→ Data extract
==================================================
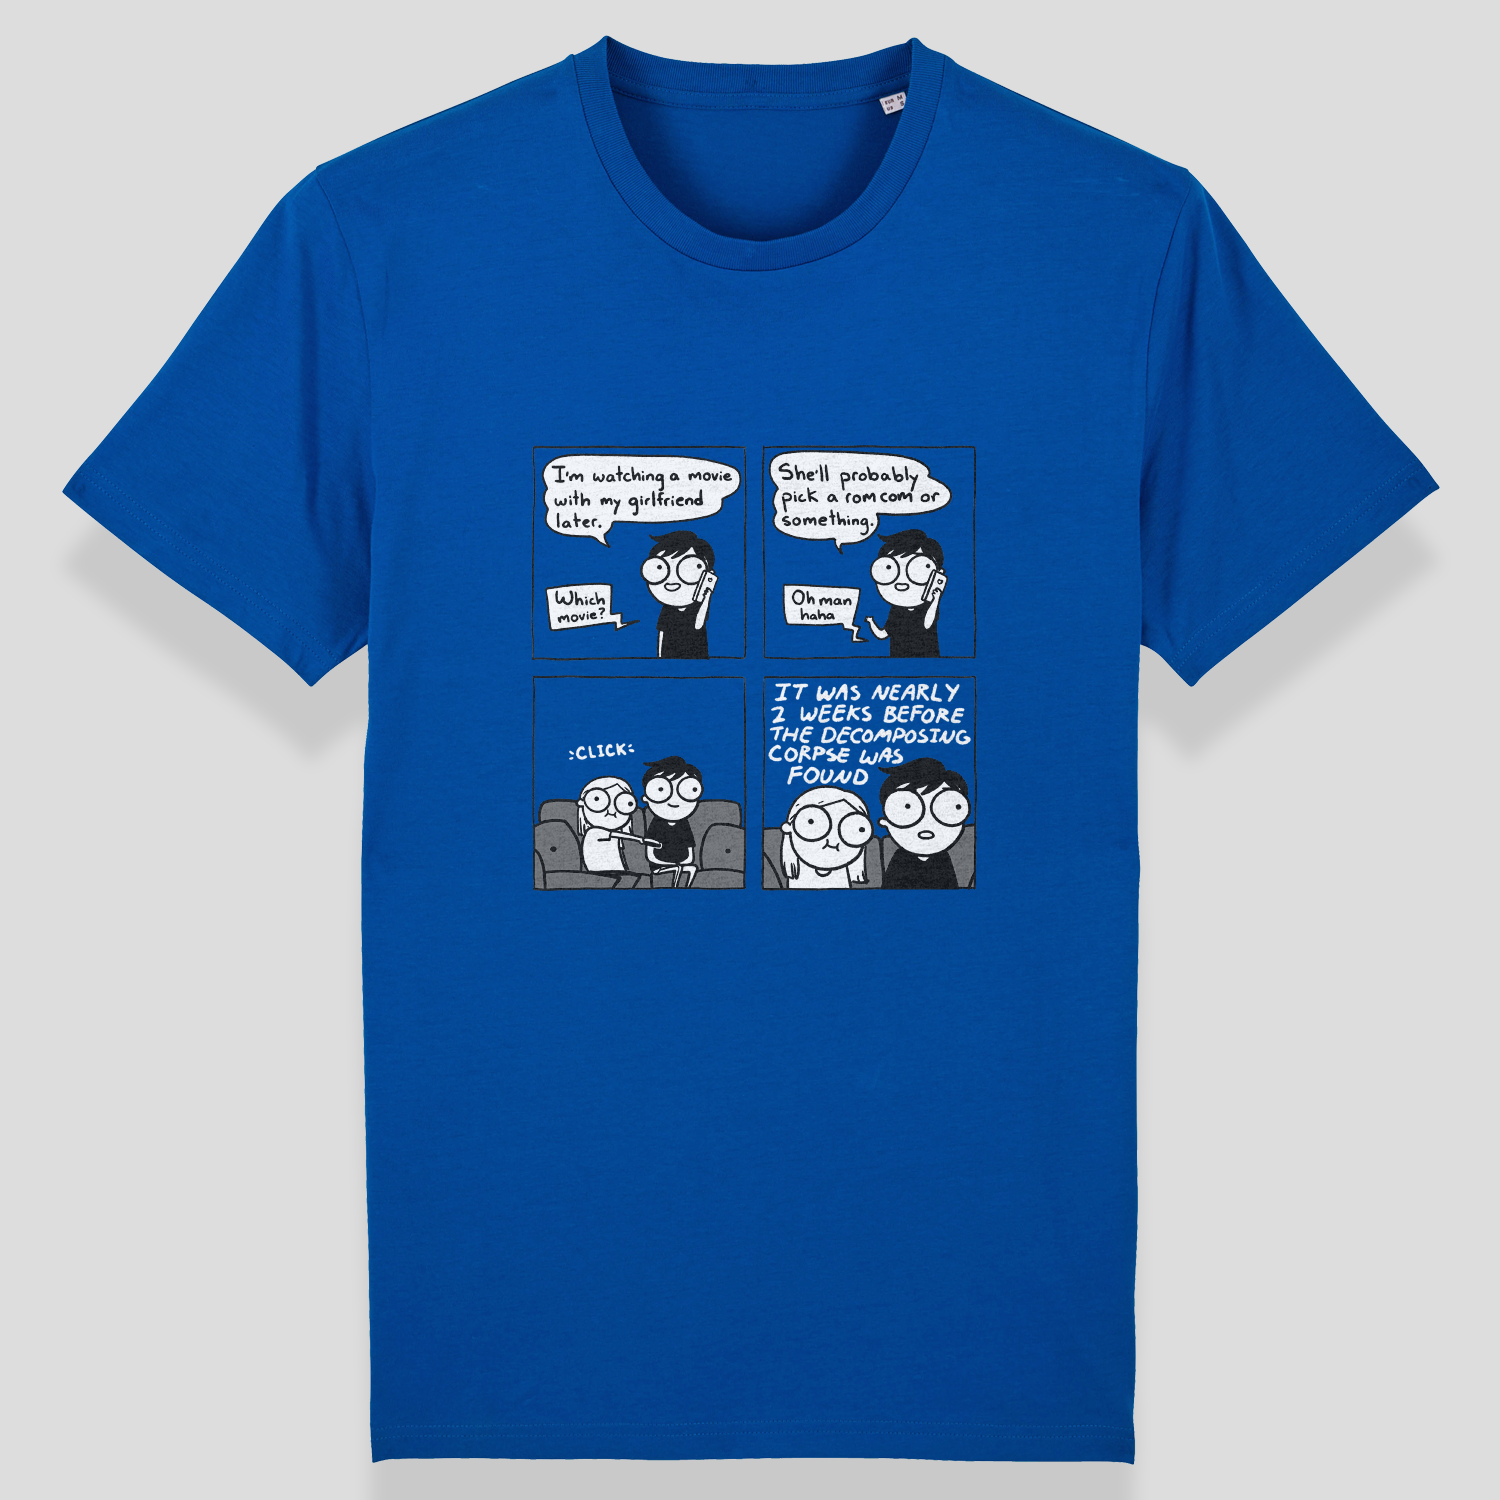 "I'M Watching A Movie With My Girlfriend" T-Shirt
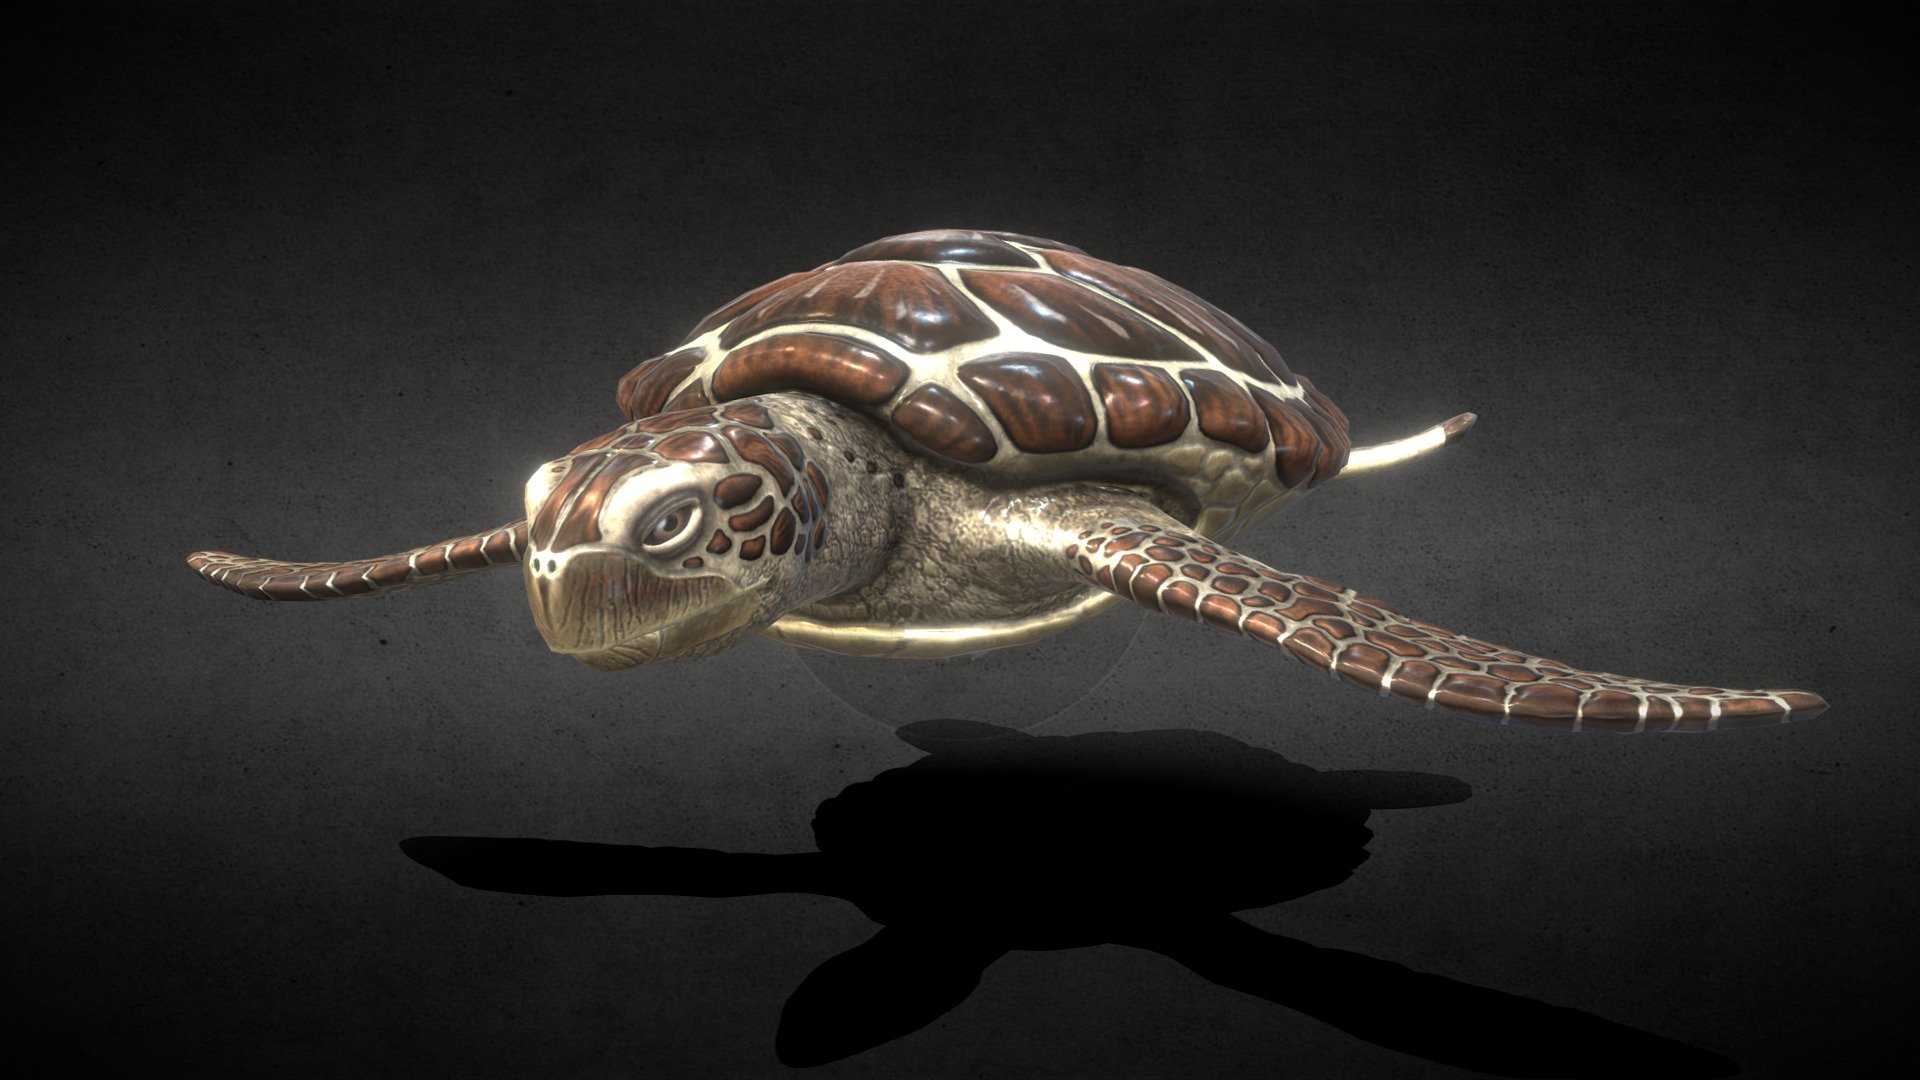 Chelonia mydas. Also known as the green turtle, black (sea) turtle or Pacific green turtle,[4] is a species of large sea turtle of the family Cheloniidae. It is the only species in the genus Chelonia 3d model
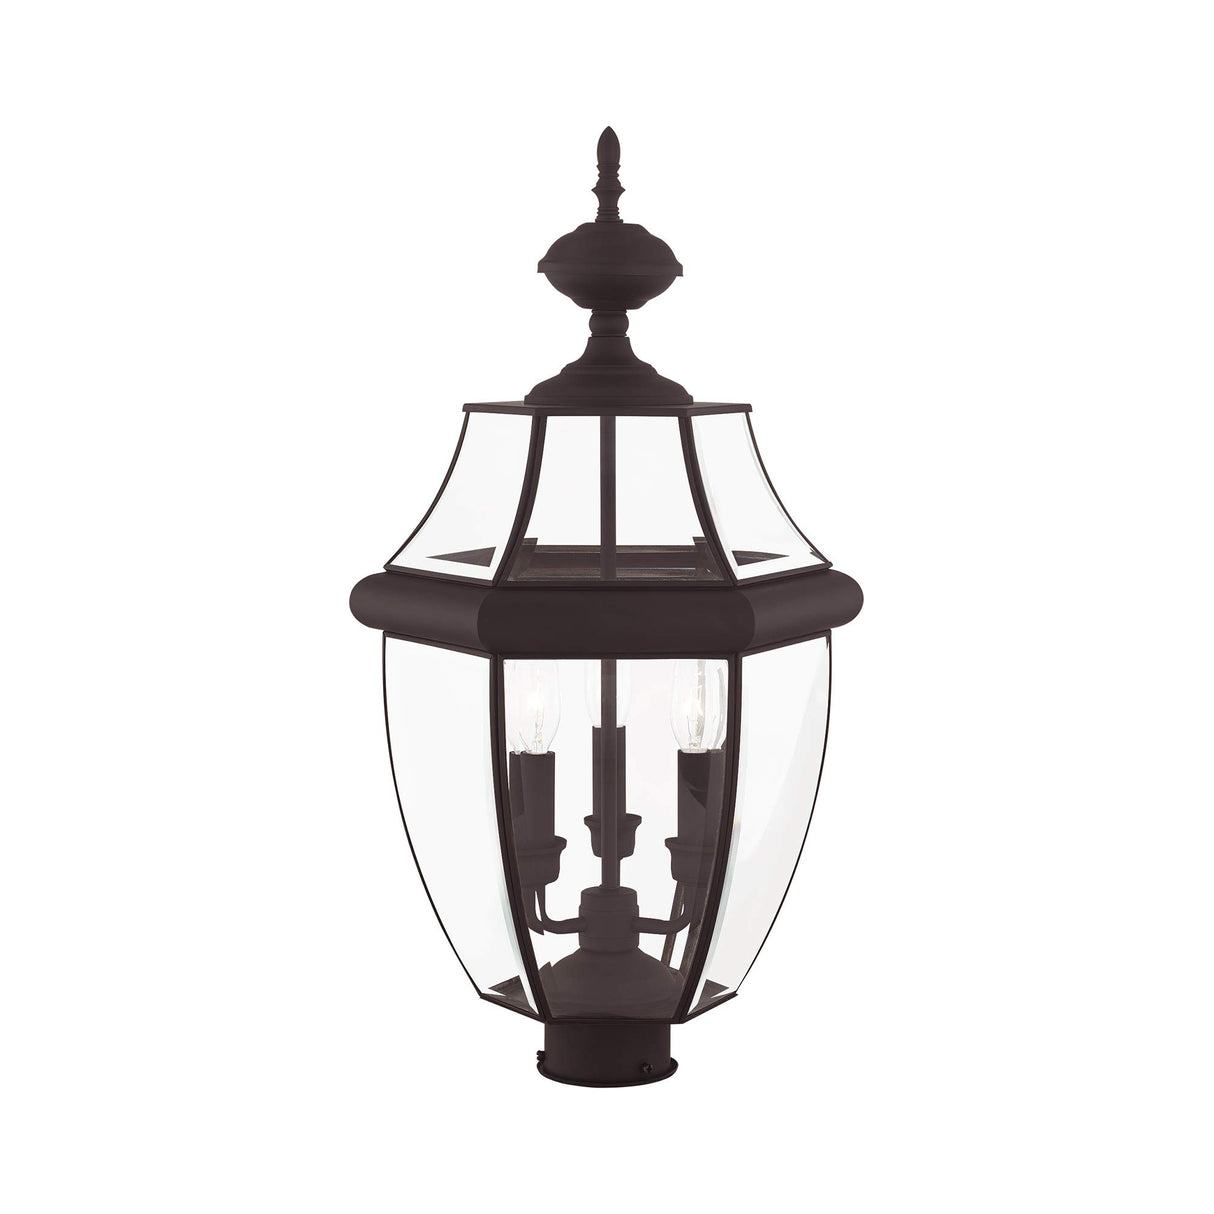 Livex Lighting 2354-07 Monterey 3 Light Outdoor Bronze Finish Solid Brass Post Head with Clear Beveled Glass
==================================================
→ Assignment
What is needed is the full material, retyped unchanged, with no pictures in it.

→ Answer section
 "I'M Watching A Movie With My Girlfriend" T-Shirt
 Chelonia mydas. Also known as the green turtle, black (sea) turtle or Pacific green turtle,[4] is a species of large sea turtle of the family Cheloniidae. It is the only species in the genus Chelonia 3d model
 Livex Lighting 2354-07 Monterey 3 Light Outdoor Bronze Finish Solid Brass Post Head with Clear Beveled Glass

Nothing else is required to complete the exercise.